Copy out the data in full and exactly, passing over the pictures.

> **DATA SEGMENT**
::::
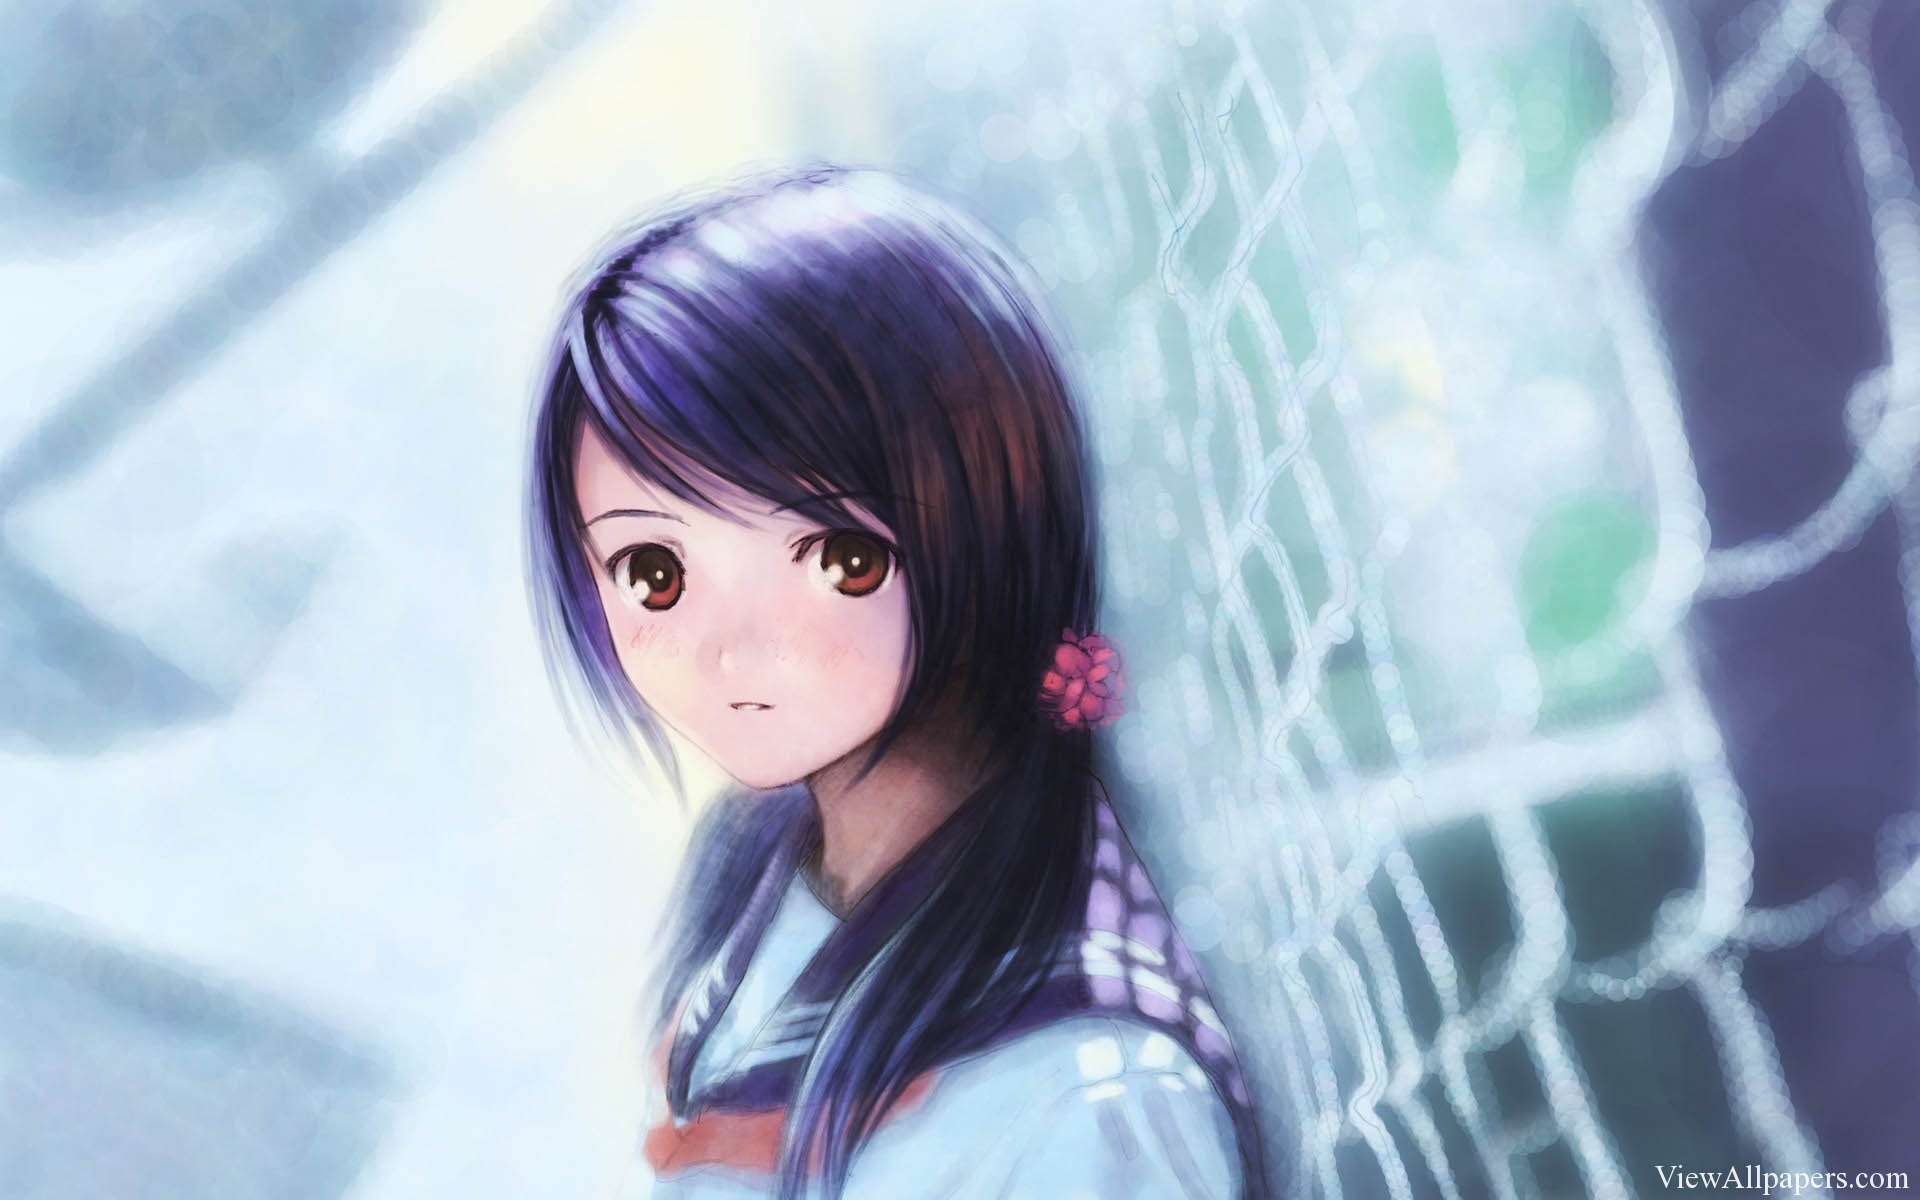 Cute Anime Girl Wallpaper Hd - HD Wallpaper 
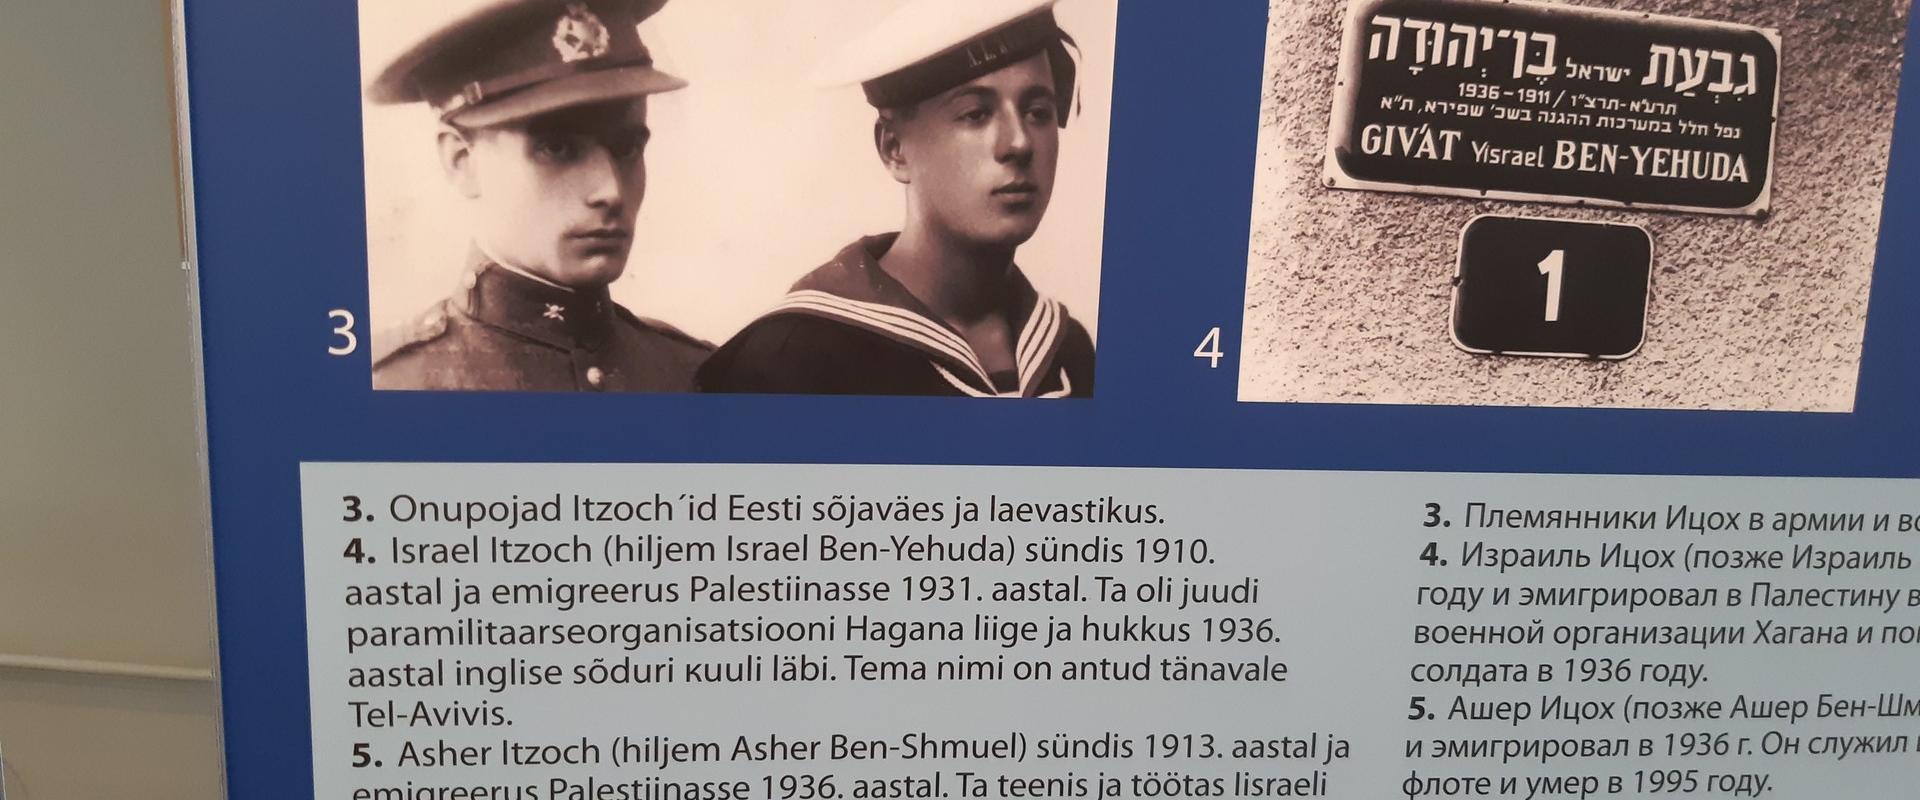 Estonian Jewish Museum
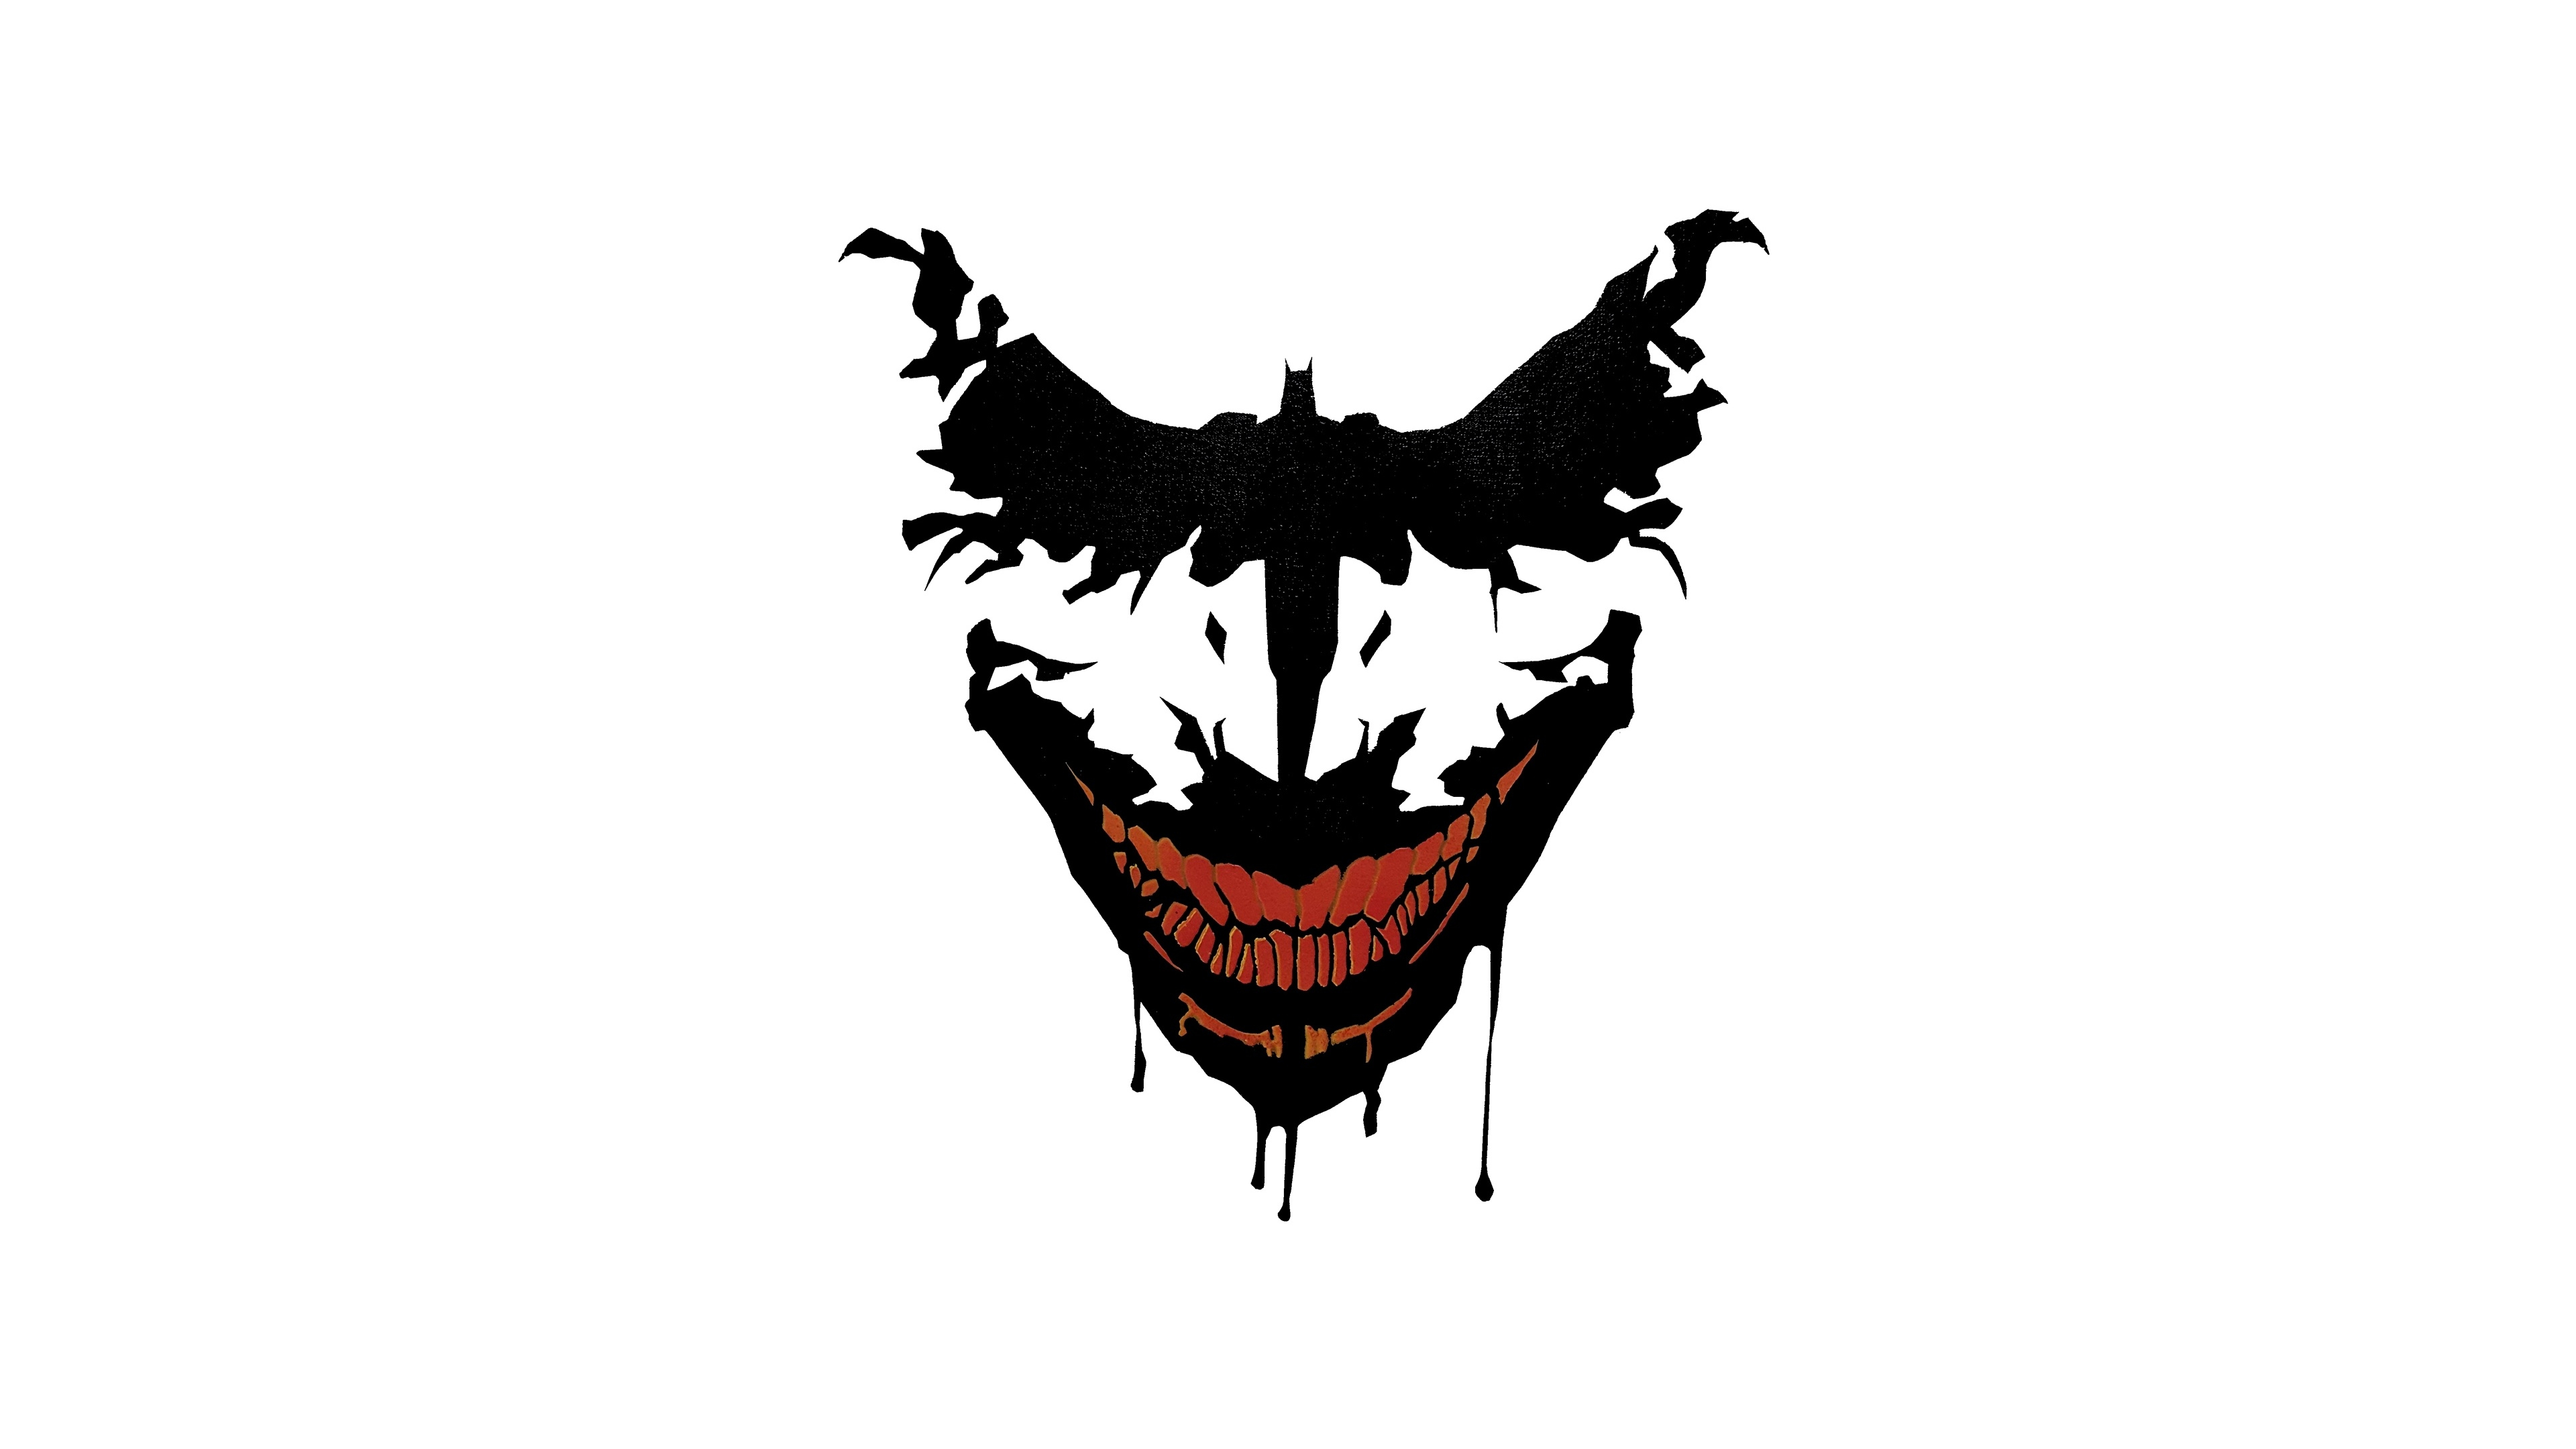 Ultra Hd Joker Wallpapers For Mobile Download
::::
> **TASK SOLUTION**
 Cute Anime Girl Wallpaper Hd - HD Wallpaper 
 Estonian Jewish Museum
 Ultra Hd Joker Wallpapers For Mobile Download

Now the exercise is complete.